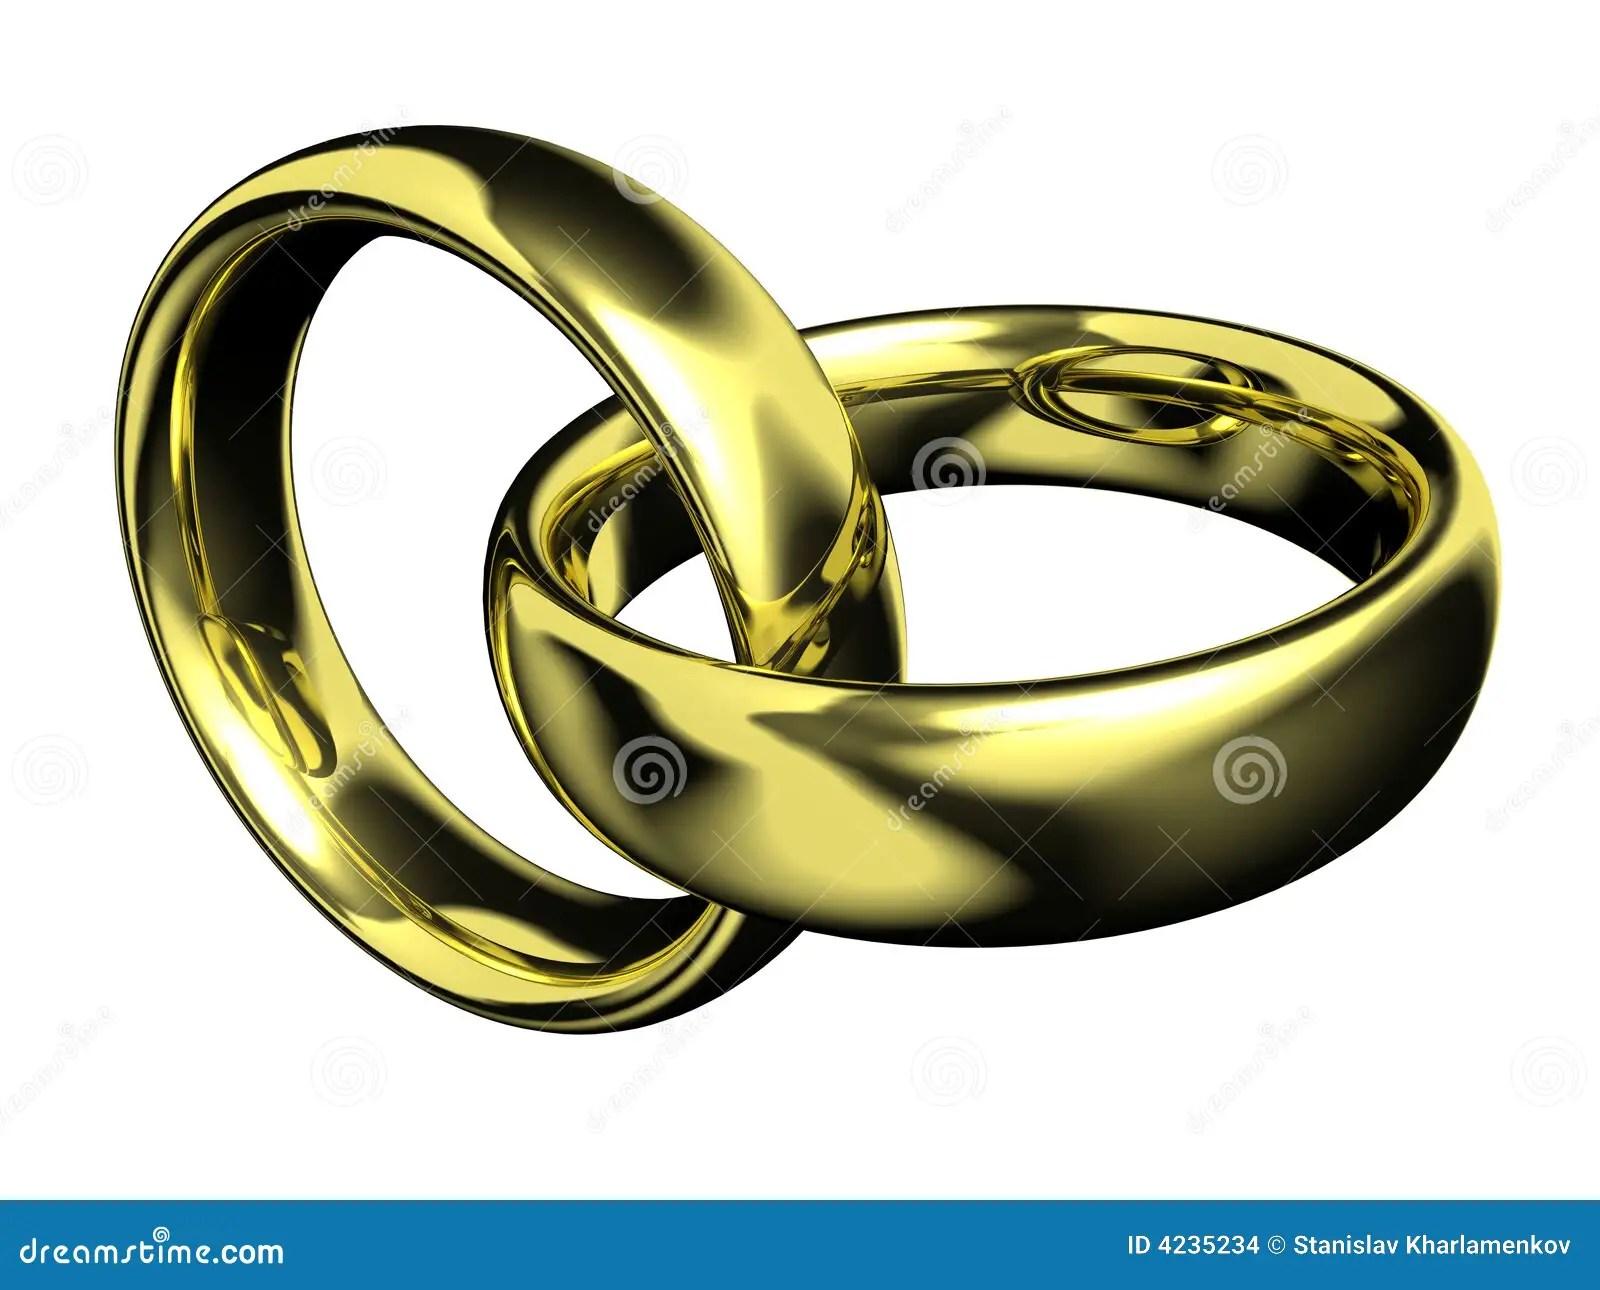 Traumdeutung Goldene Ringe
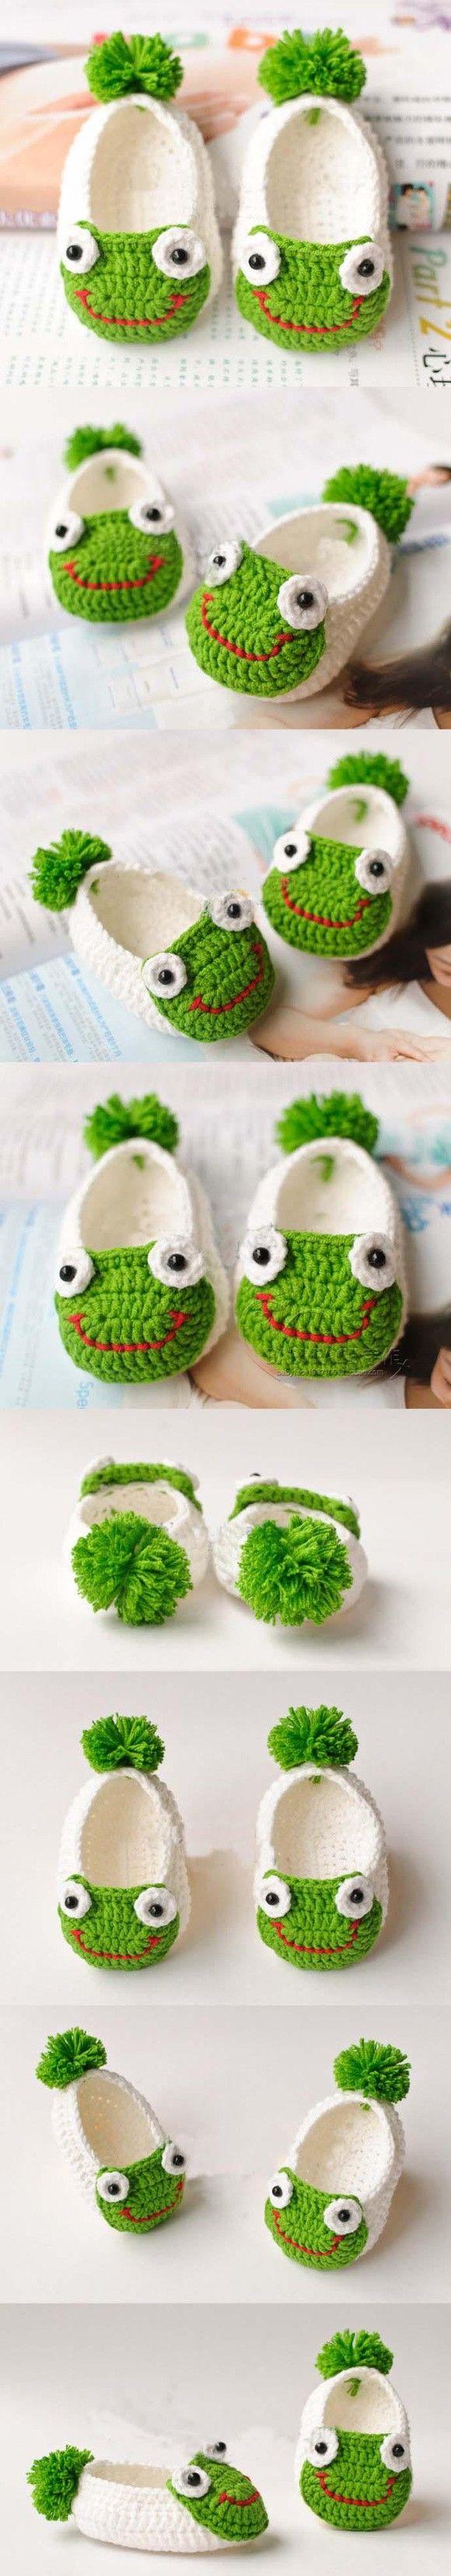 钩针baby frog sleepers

* * *

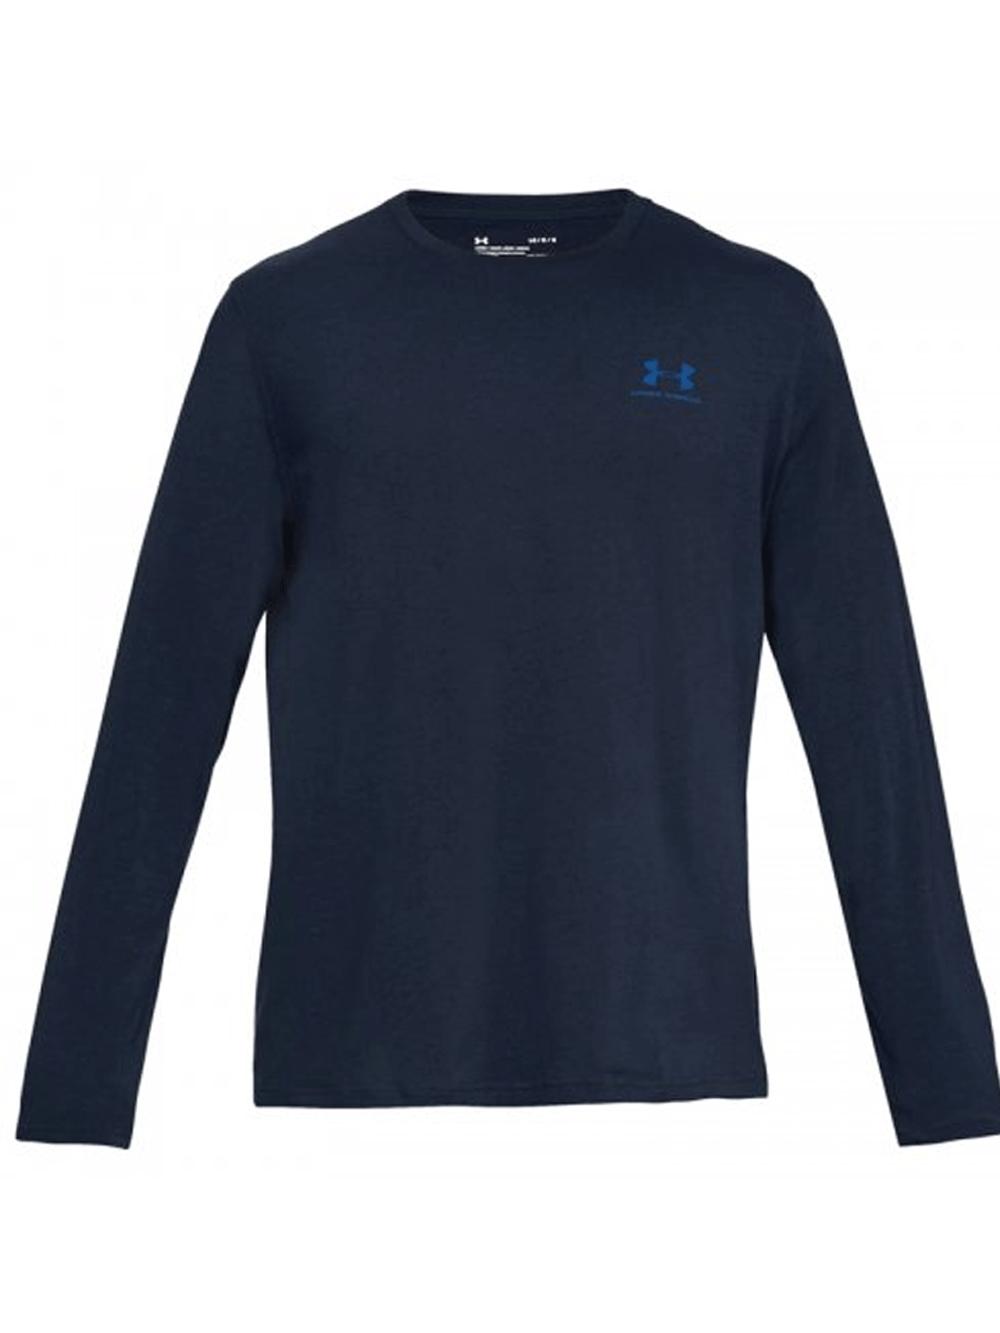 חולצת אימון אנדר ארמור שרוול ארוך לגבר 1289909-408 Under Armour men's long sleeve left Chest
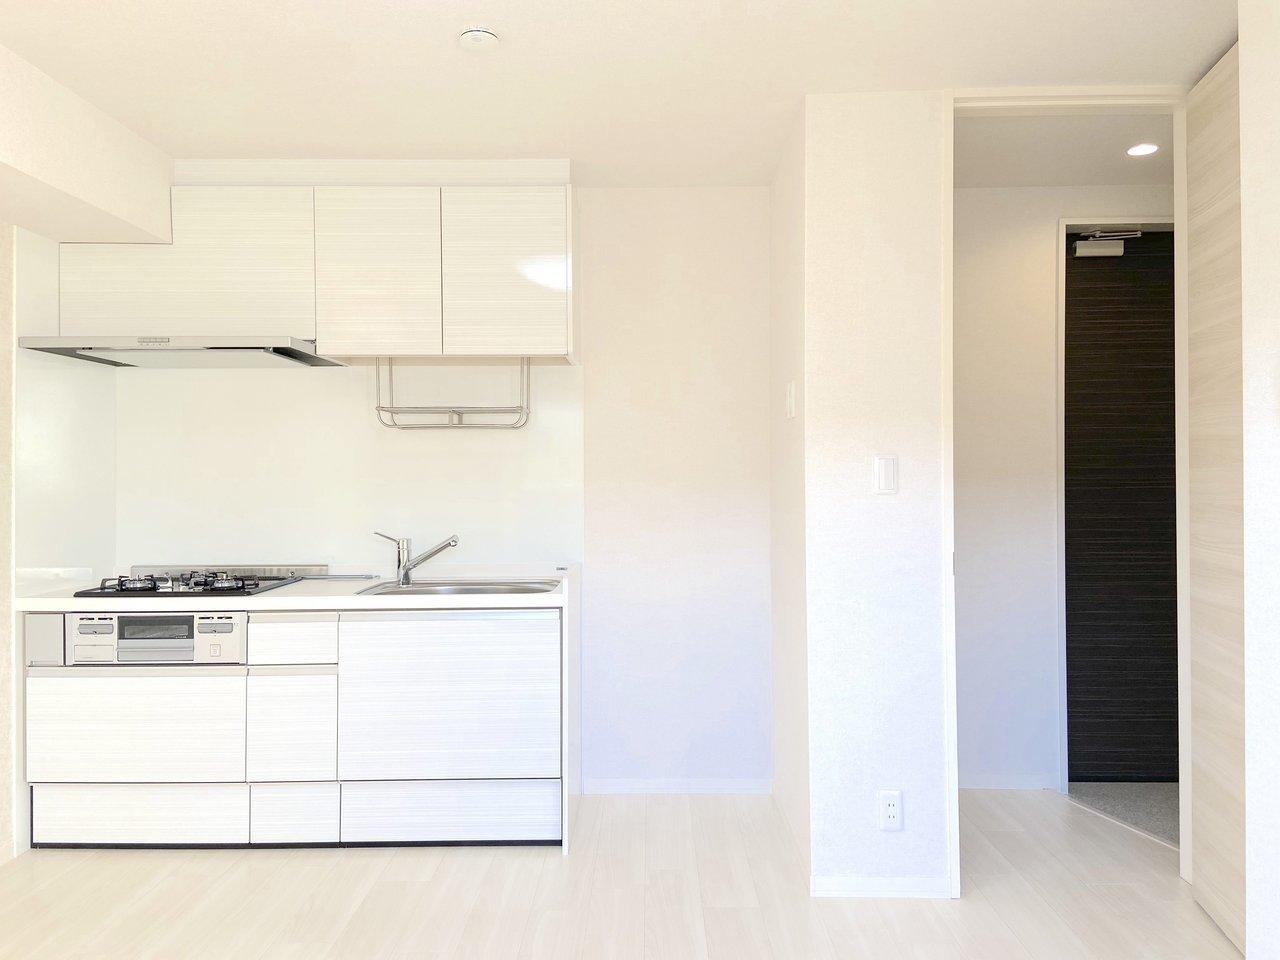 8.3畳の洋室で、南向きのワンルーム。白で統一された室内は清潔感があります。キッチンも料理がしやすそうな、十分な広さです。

* WHAT THE TASK ASKS *
Beginning at the line that has "Traumdeutung Goldene Ringe" and ending at the line that has "钩针baby frog sleepers", restate the listing above word for word, pictures left out.

* WRITTEN RESPONSE *
 Traumdeutung Goldene Ringe
 钩针baby frog sleepers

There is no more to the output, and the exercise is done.